Max could only go so far with crazy ideas. “I can’t deal with this stuff. There’s no logic. There’s no reasoning behind it. All of this because of a lousy triangle!” he blurted out. His dad had always taught him to be practical, to see the reality behind the facade of nonscientific claims.
“You’re wrong, Max! This information would have died with Zabala had you not taken responsibility and seen this thing through.” Fauvre spoke slowly and precisely, letting the boy’s frustration settle. “Max, this is not the idiocy of reading a horoscope in a daily newspaper.
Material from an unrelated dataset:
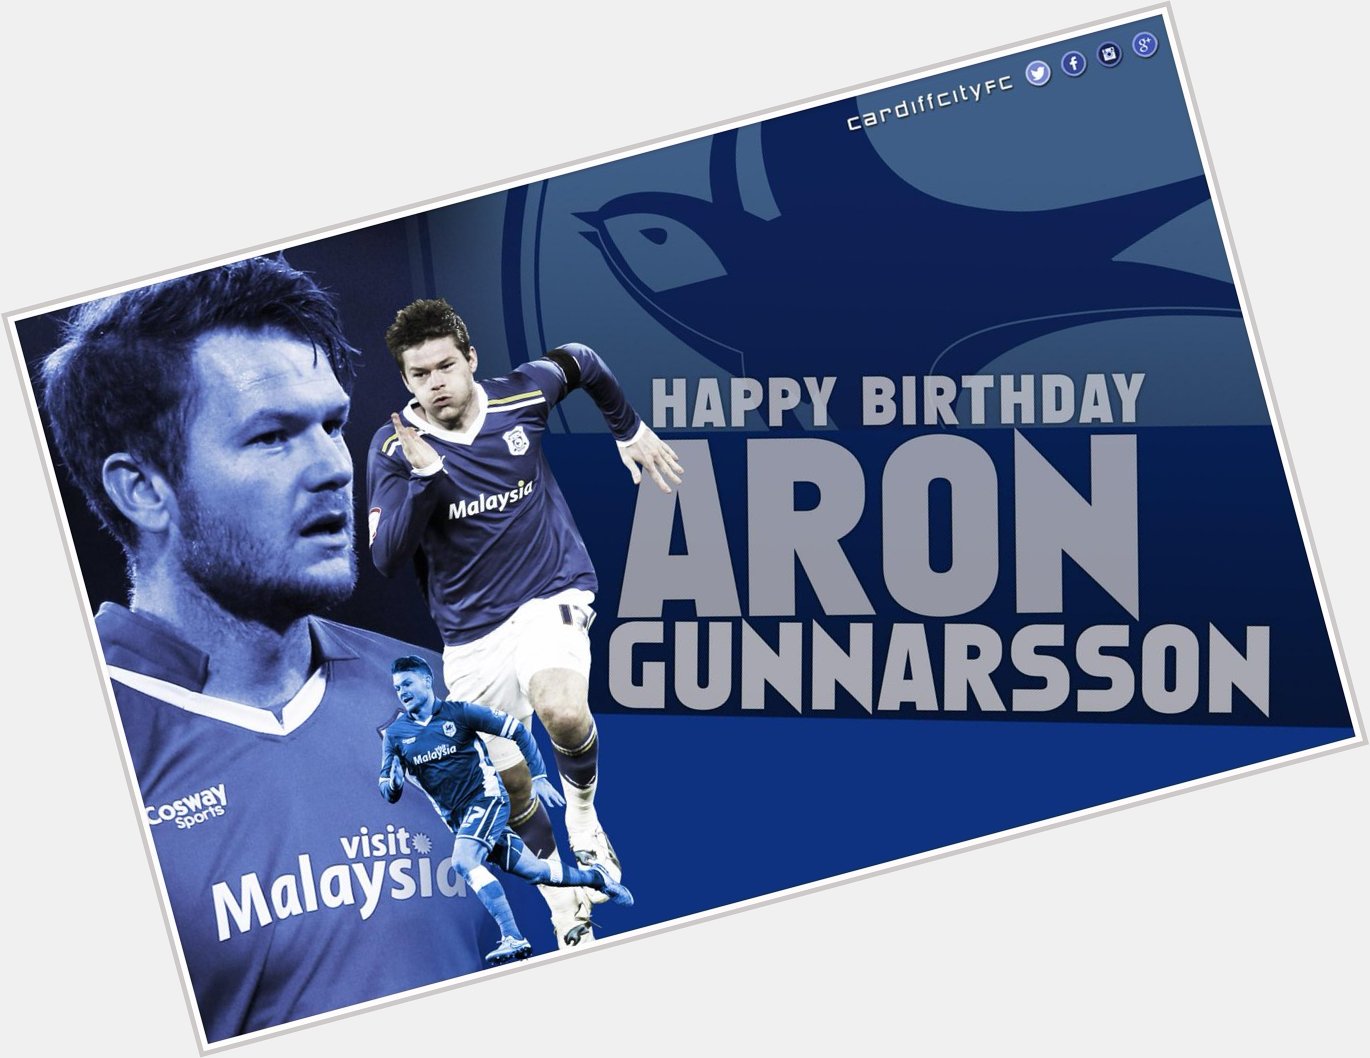 Happy birthday to Aron Gunnarsson. Enjoy the rest of the day Gunnar!

This is a scientist-my friend Zabala-discovering a powerful universal force.”
“I want something more definite to go on,” Max replied.
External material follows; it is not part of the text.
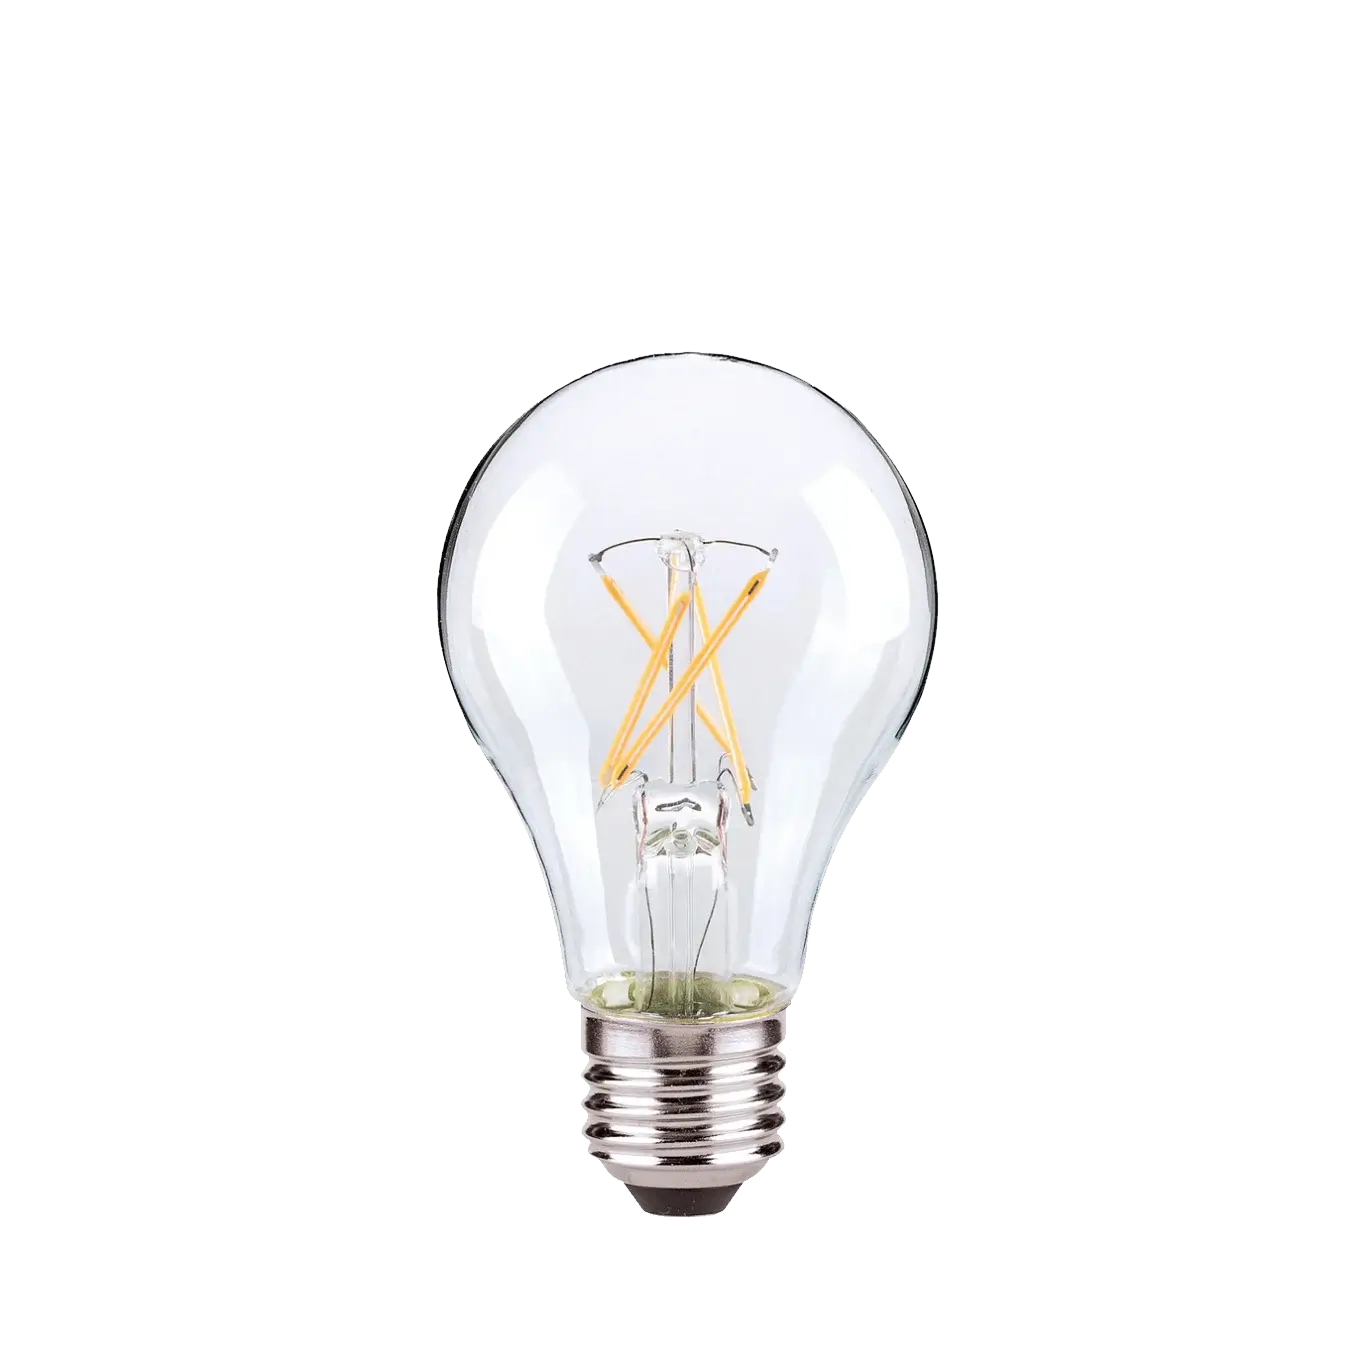 Dounia home LED light bulbs in, Model: A19

“This is precise. It is definite,” Fauvre replied. He drew the new triangle into the diagram Zabala had sent him. “This gives us the planetary alignments at the exact hour, day and year that this catastrophe will occur: 11:34 on the eighth of March.”
“Two days’ time,” Max said.
Fauvre held up the numbers he’d scribbled on a pad, taken from the crystal:
7 24 8-10 4 9 12 25-7 11 9 17
“But this is one part of Zabala’s secret I cannot understand. What do you think these numbers mean? I do not believe they have any bearing on the astrological horoscopes. There is no relationship between them and the drawings.”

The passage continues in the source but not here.